Microscope picture processing

Abstract

A microscope image processing method includes applying a computing operation to at least one part of a microscope image, having the following steps: (a) providing the image in the mass storage device, (b) breaking down the microscope image into at least two image segments that can be loaded into the working memory and that have a dimension m, where m≦n, (c) for one image segment, determining all pixels that are located in the image segment and in at least one of the partial images, so that a filled image segment results, (d) providing the filled image segment in the working memory, (e) applying the computing operation to the pixels located in the filled image segment so that an image segment result is created, (f) repeating steps (c), (d), and (e) for all image segments, and (g) combining all image segment results to create an overall result.

Description

BRIEF DESCRIPTION OF THE DRAWINGS

The method is explained in the following using the attached drawings.

FIG. 1 is a schematic depiction of a computer;

FIG. 2 is a schematic depiction of a two-dimensional microscope image;

FIG. 3 a is a schematic depiction of a two-dimensional microscope image that has four partial images and is broken down into nine image segments;

FIG. 3 b is a filled image segment that results from the first image segment of the microscope image in accordance with FIG. 3a;

FIG. 3 c is the filled image segment that results from the second image segment of the microscope image in accordance with FIG. 3a; and,

FIG. 4 is another schematic depiction of a microscope image that comprises four partial images and that is broken down into five image segments that include entire lines of the microscope image; and,

FIGS. 5 and 6 are flowcharts for the inventive method.

DETAILED DESCRIPTION

FIG. 1 schematically depicts a computer 10 that, in addition to a screen 12, has a processor 14 that is connected to a working memory 16 and a mass storage device 18. The working memory 16 has a maximum storage capacity. When the computer 10 is operating, a portion of the maximum storage capacity is required, for instance, for processes of an operating system of the computer 10 so that when the computer 10 is operating the working memory 16 has an available storage capacity that is less than its maximum storage capacity. The available storage capacity of the working memory 16 is available for executing an inventive method.

The mass storage device 18 has a clearly greater storage capacity, for instance greater by a factor of five, than the working memory. The computer 10 can be connected via a network cable (not shown) to a network in order to be able to access mass storage devices of other computers. The computer 10 can be connected to a camera 17 of a microscope 19 via a data link 15. The microscope and the computer 10 then form a microscopy system.

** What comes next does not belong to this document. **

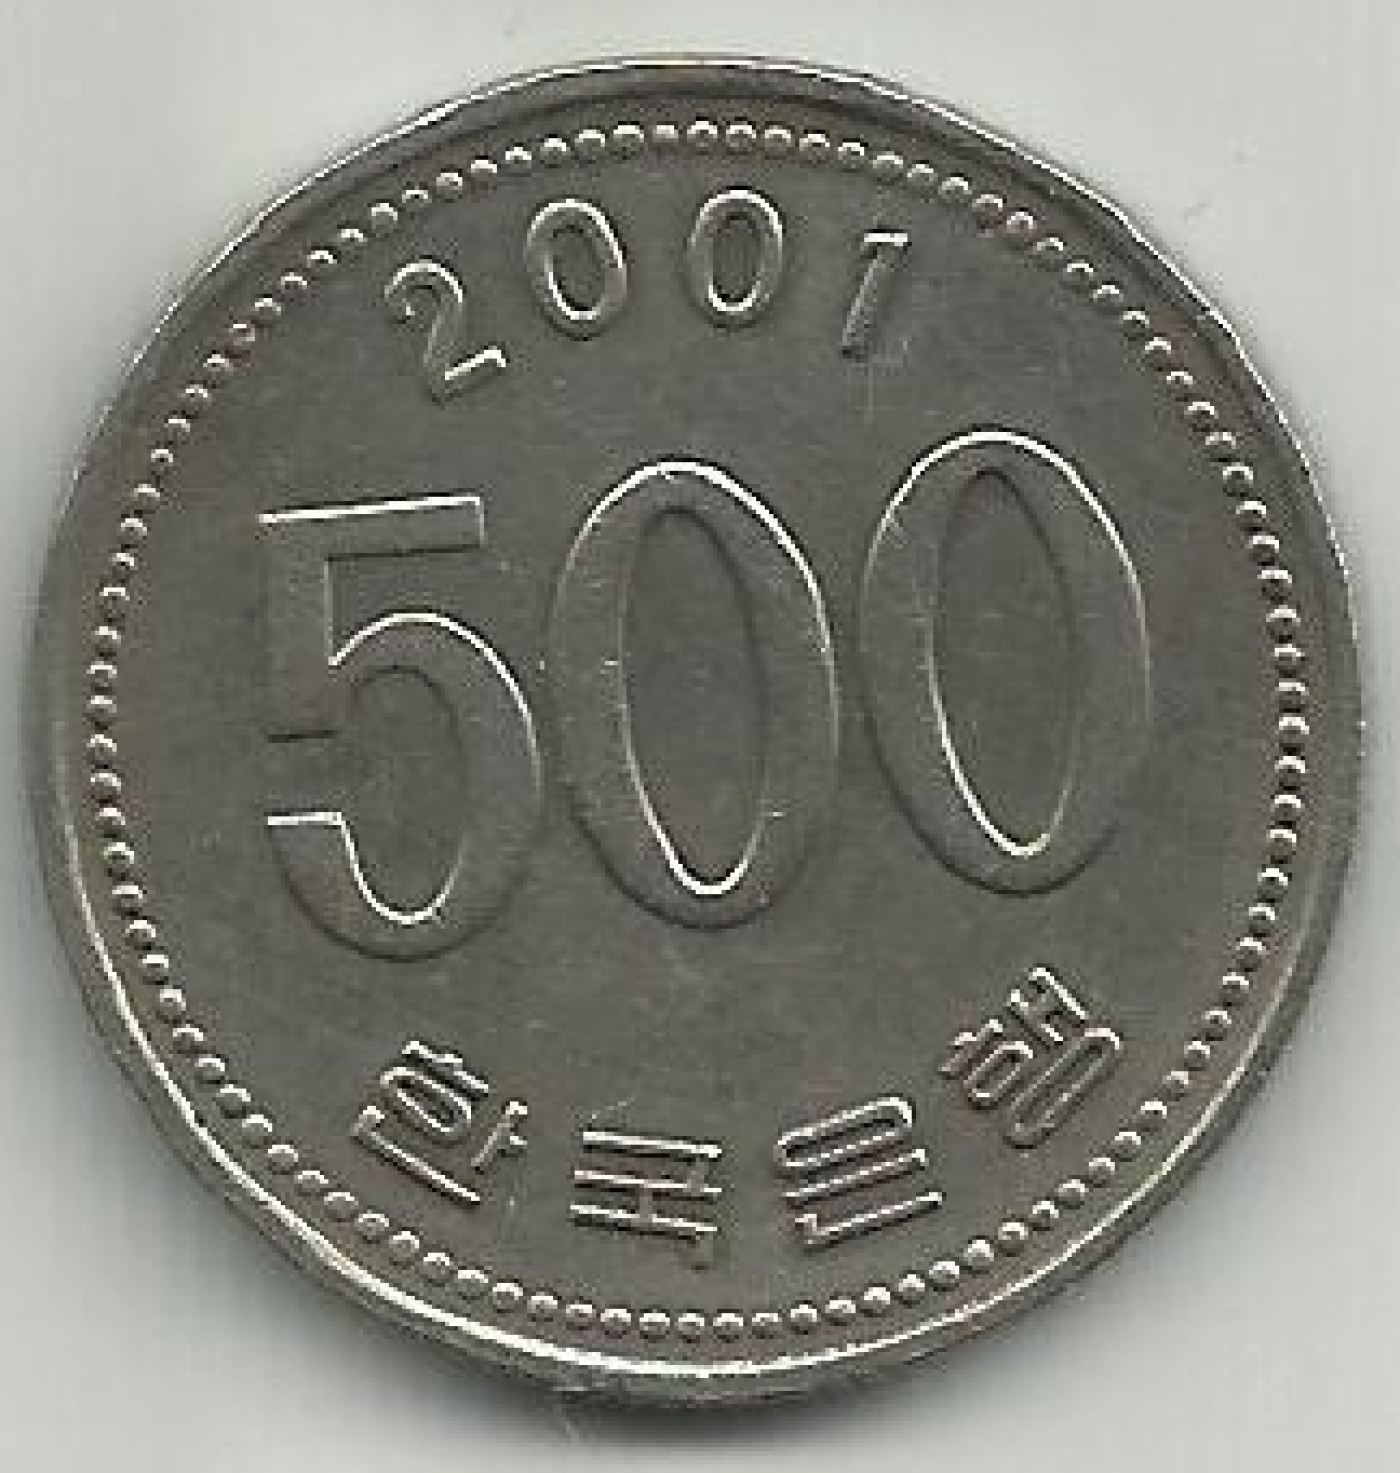 500 won coin size

For recording a microscope image, the computer 10 transmits a control impulse via a data cable 21 to a step motor 22, which then moves a positioning unit 23. Affixed to the positioning unit 23 is a specimen 24 that therefore moves relative to the camera 17. When a prespecified position is attained, the computer 10 transmits a control impulse to the camera 17, which then records a partial image of the sample 24. Then another prespecified position is assumed and another partial image is recorded. This procedure is performed until a prespecified number of partial images with prespecified coordinates relative to one another or relative to the specimen 24 have been assumed and partial images have been recorded for each. The recorded partial images are transmitted via the data cable 21 to the computer and are stored there on the mass storage device 18.

FIG. 2 schematically depicts pixels P_i,j of a microscope image 20. The pixels are arranged in a lines, which run horizontally, and b lines, which run vertically and are therefore also called columns. Each pixel P_i,j can be uniquely determined using a first index i (line number) and a second index j (column number). The microscope image 20 therefore has the dimension n=2.

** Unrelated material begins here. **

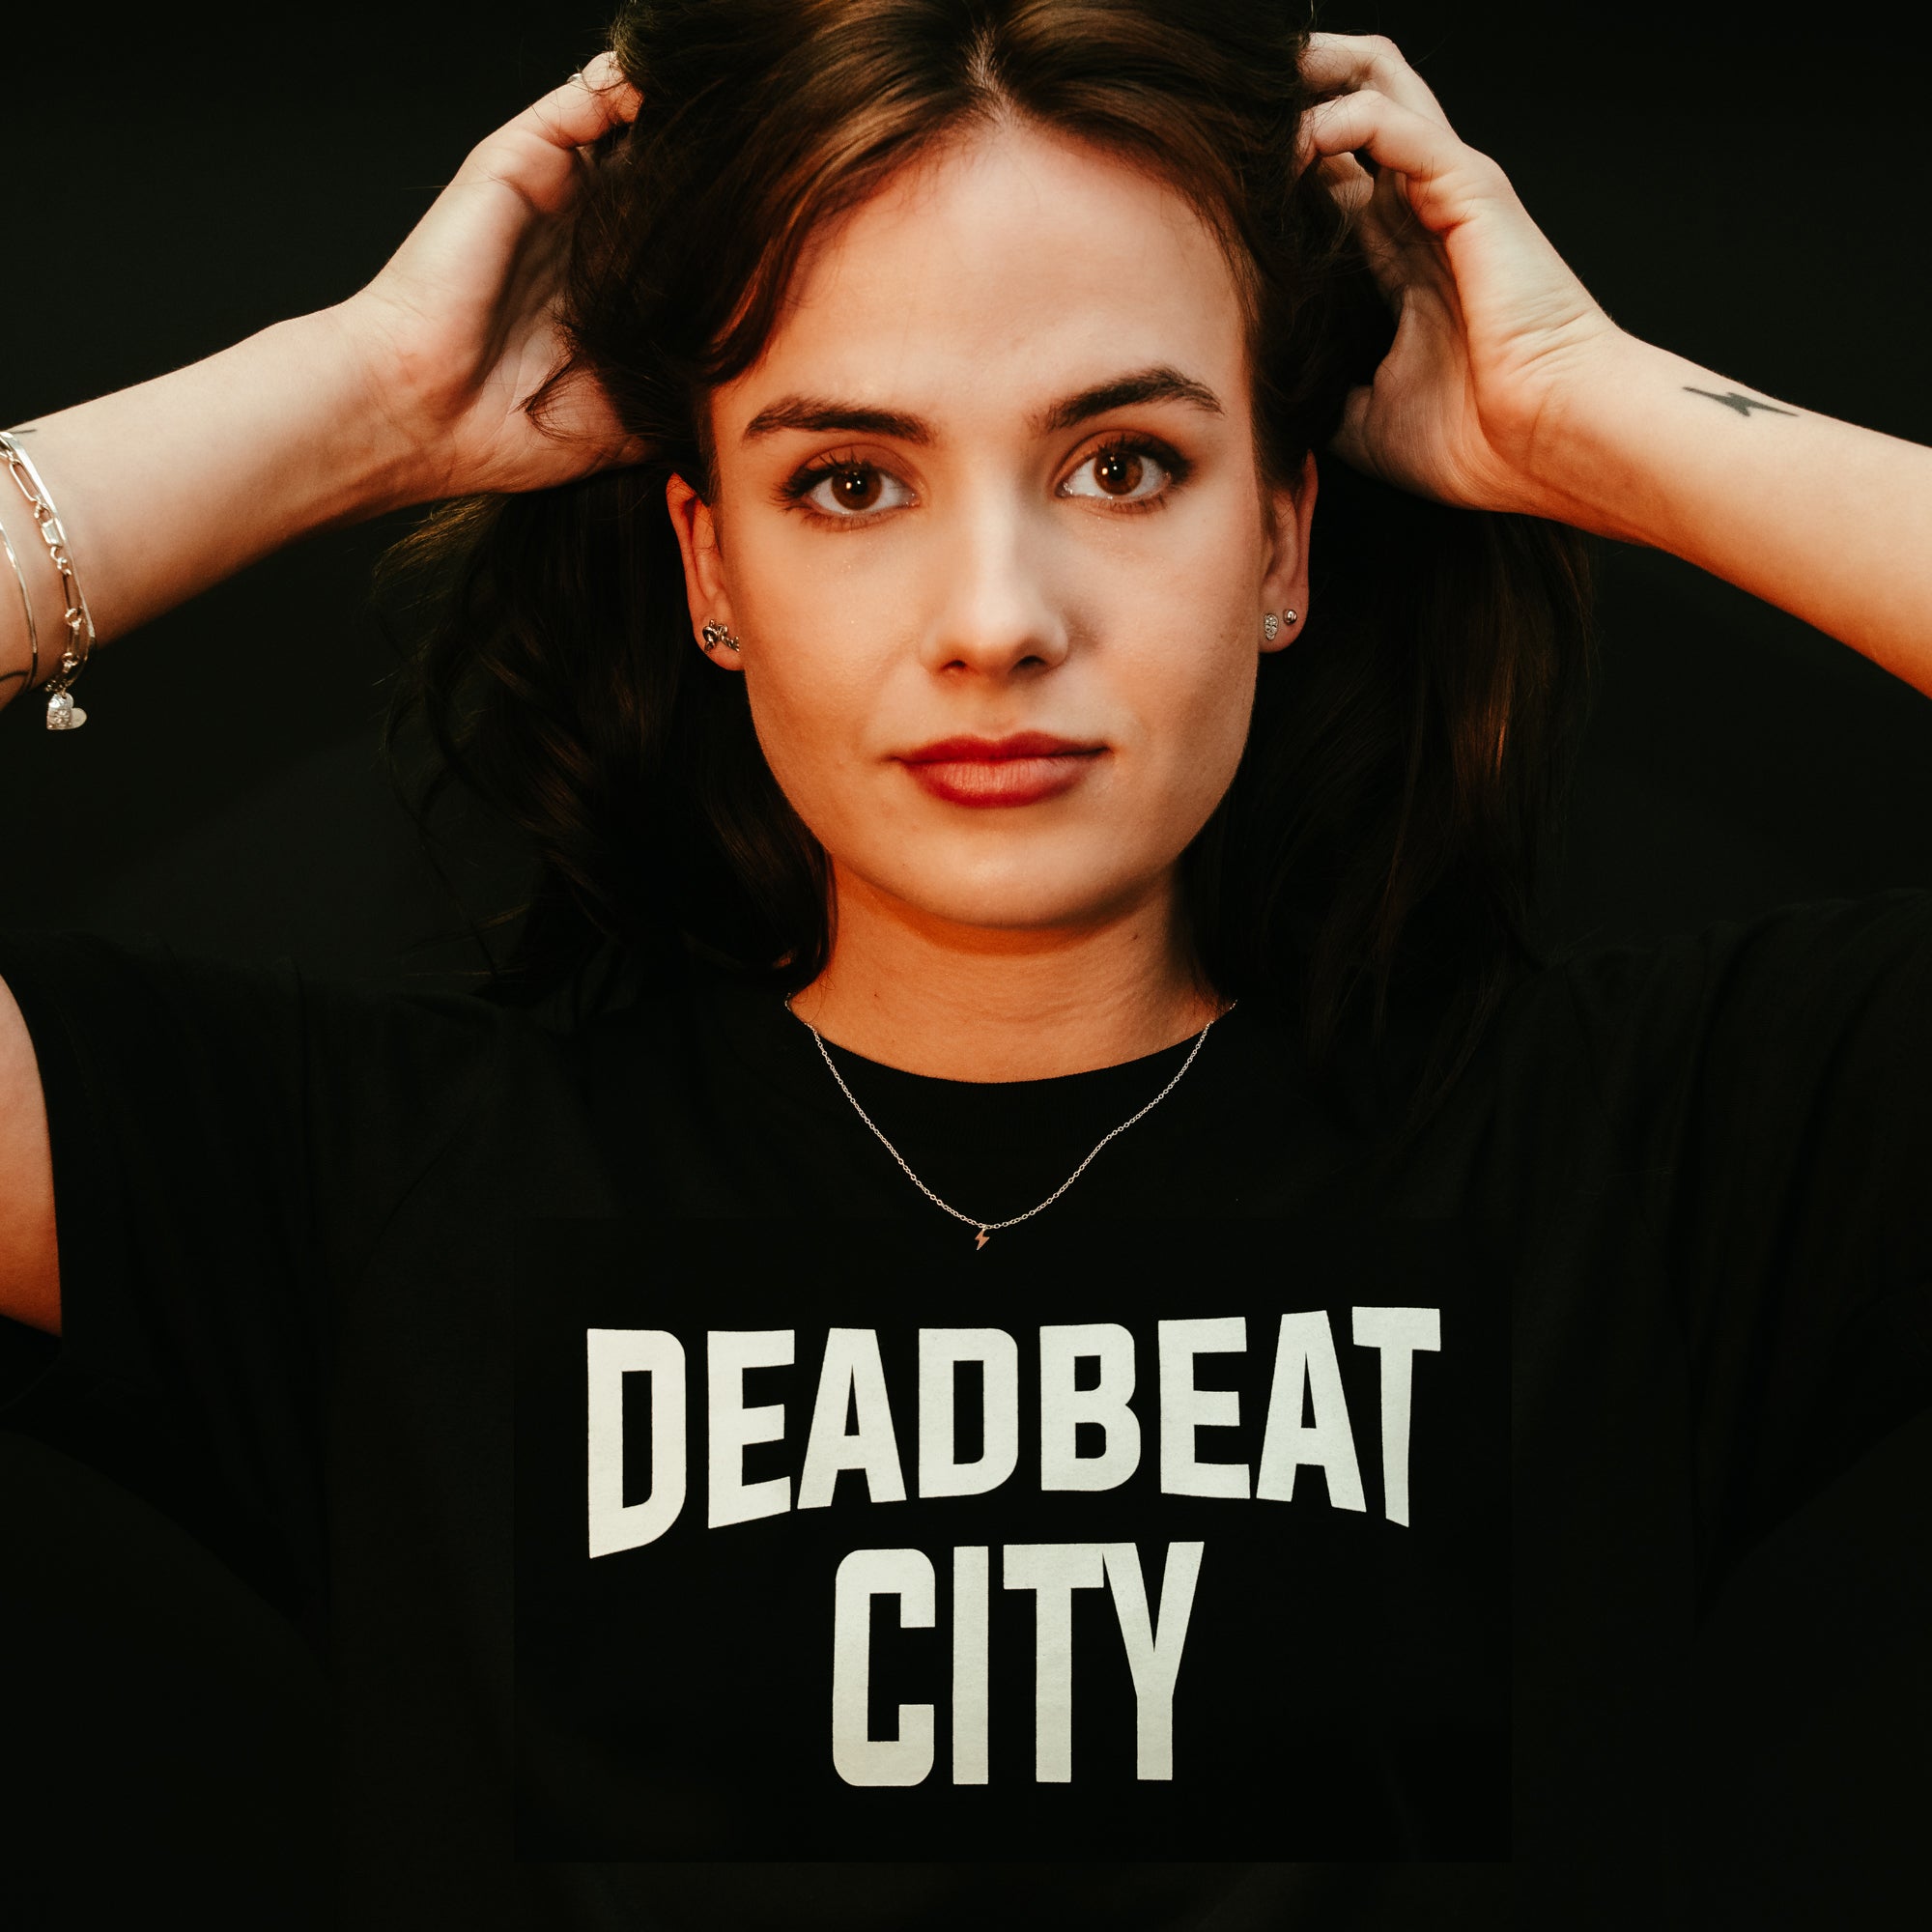 Deadbeat City Skinny T-Shirt by db deadbeat

FIG. 3 a schematically depicts a microscope image 20 that comprises four partial images TB₁, where 1=1, 2, 3, 4, that is, four partial images TB₁, TB₂, TB₃, TB₄, that are identified with the solid edges. In FIG. 3a, as well, each pixel P_i,j can be uniquely identified using line and column, that is first index i and second index j. The microscope image 20 has a size that exceeds the available storage capacity of the working memory 16.

For performing the inventive method, the microscope image 20 is first provided in the mass storage device 18. In the present instance this occurs in that the partial images of the microscope image 20 are recorded using the camera 17 of the microscope 19 and are loaded via the data link 15 onto a fixed disk drive as the mass storage device 18.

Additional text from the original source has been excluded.